If a real estate agent has used other agents’ photos for their own listings, it is extremely dangerous. The reason for this is that these agents can get into legal trouble for using other people’s photos without their consent or knowledge.
Some MLS systems impose hefty fines on copyright infringement, and these fines can build up quickly. In fact, some MLS systems will even levy a $50 per day fine on a real estate agent for every day that they infringe on another’s copyrights.
Copyright Protections for Photography
When a real estate agent hires a professional photographer to take photographs of a property, they have certain rights to those photos under the Federal Copyright Act. This means that the agent doesn’t just own the photographs when they deliver them; they have an exclusive right to use those photos for a specified period of time, typically the length of the contract that they signed with the photographer.

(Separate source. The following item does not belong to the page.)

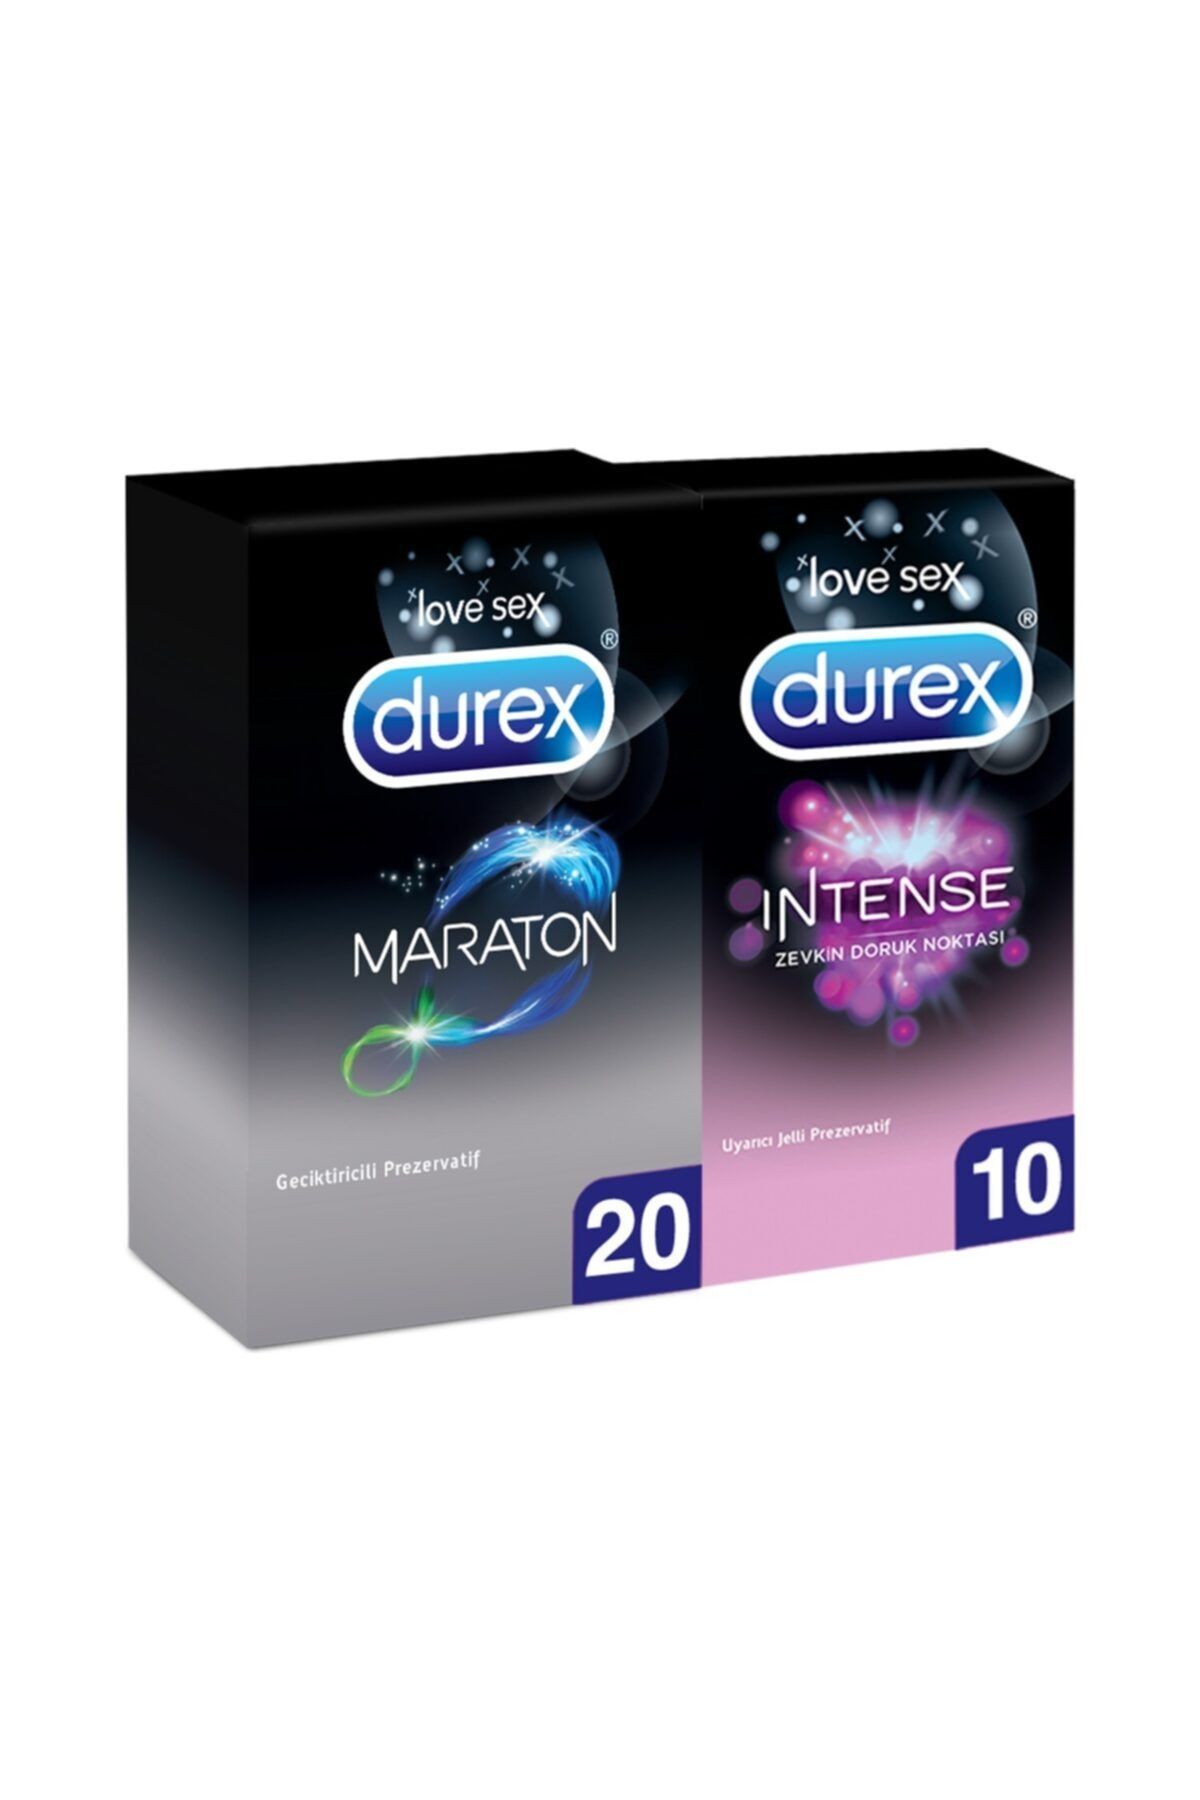 Durex Maraton li Prezervatif 20'li + Intense 10'lu Prezervatif

A real estate agent may also have the option of obtaining a license from the owner of the copyright to use those photographs for a limited amount of time as long as they don’t sell them. If this is the case, the broker can only use those photos a certain number of times and must include a copyright notice that says who owns the photographs and that they are for marketing purposes.
The broker can also impose a license fee for the use of those images. This is a way for the broker to control the usage of the images and ensure that they are being used properly.
Other Licensed Real Estate Agency Content
A property management company or other reselling agency may own existing photography of a property that was created by a third-party and transferred to them for use in specific circumstances (e.g., to sell a property relatively soon after it was first on the market). In this scenario, the agency may be in breach of copyright law if they use those photos for marketing purposes.
Real estate agents can be especially prone to copyright infringement because they often use the same photographers for multiple properties. They may have hired those photographers to take the photographs for their own business purposes and then reuse them for other listings, without their client’s permission.